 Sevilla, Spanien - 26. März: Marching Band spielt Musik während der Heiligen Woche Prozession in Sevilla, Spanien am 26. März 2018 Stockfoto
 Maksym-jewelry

---

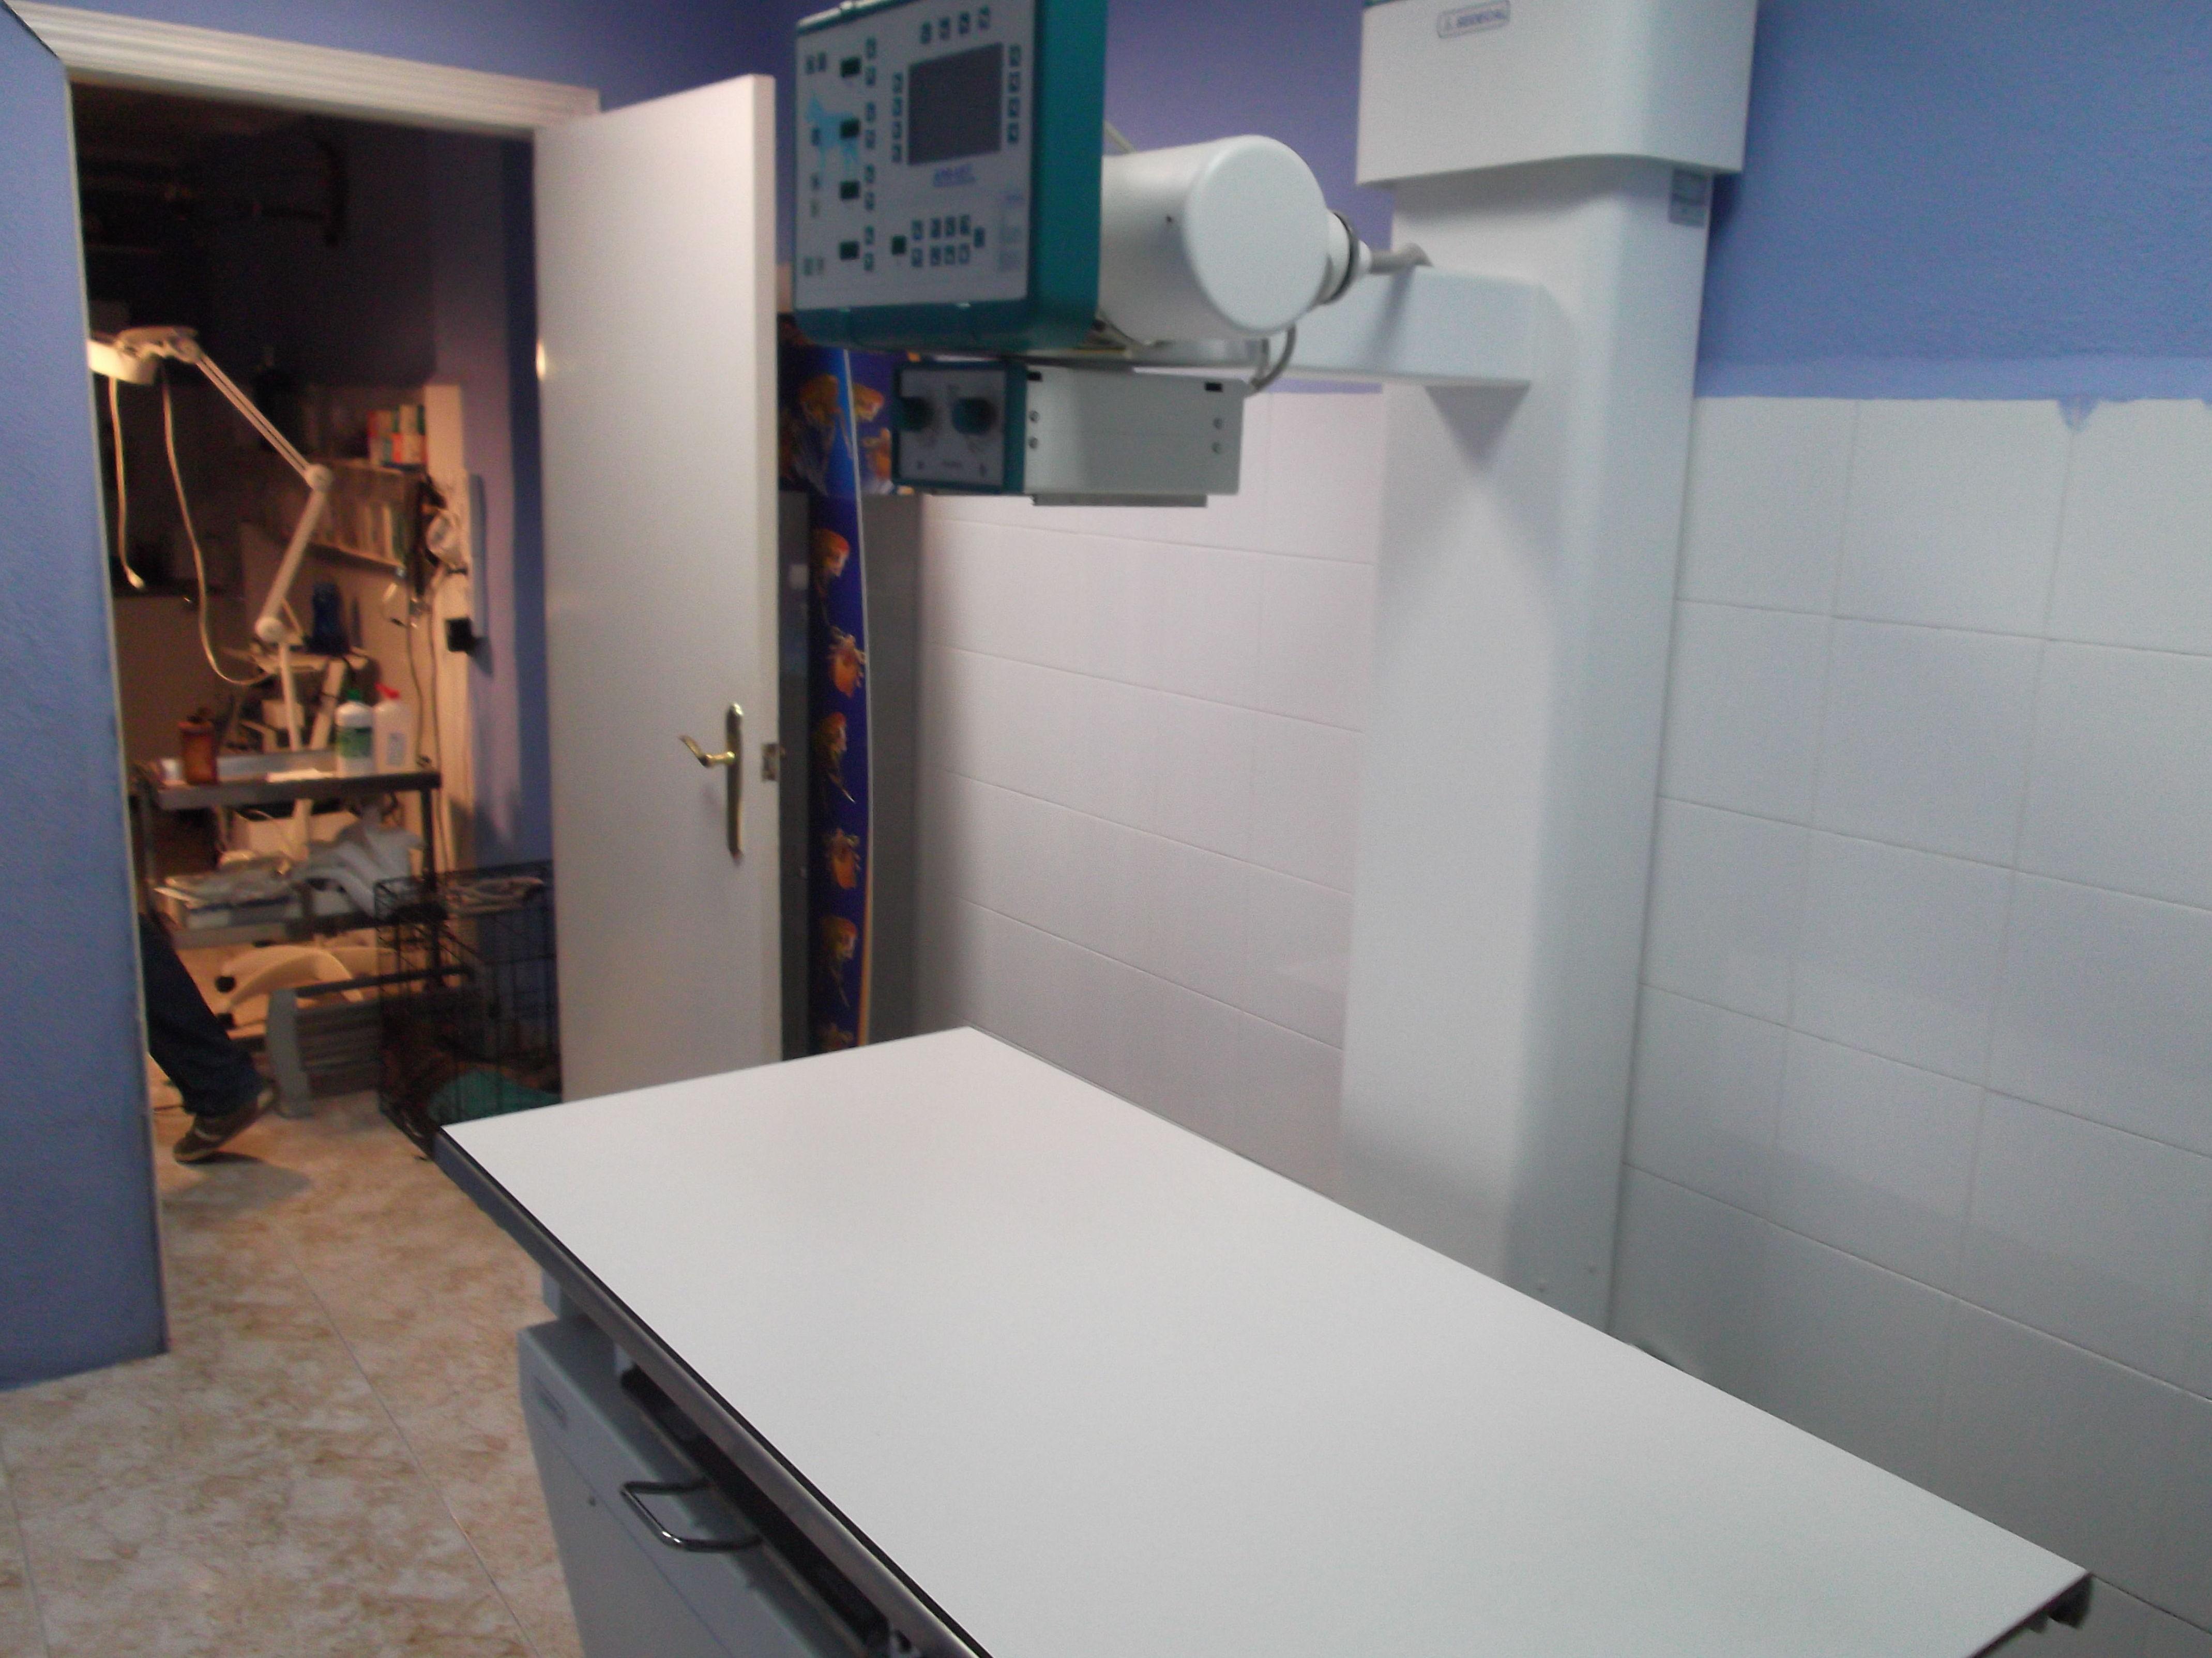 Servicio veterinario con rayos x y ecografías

Assignment.
Extract the lines of the preceding material that run from the line with "Sevilla, Spanien - 26." through the line with "Maksym-jewelry", inclusive, reproducing them exactly and adding nothing.

Answer to this exercise.
 Sevilla, Spanien - 26. März: Marching Band spielt Musik während der Heiligen Woche Prozession in Sevilla, Spanien am 26. März 2018 Stockfoto
 Maksym-jewelry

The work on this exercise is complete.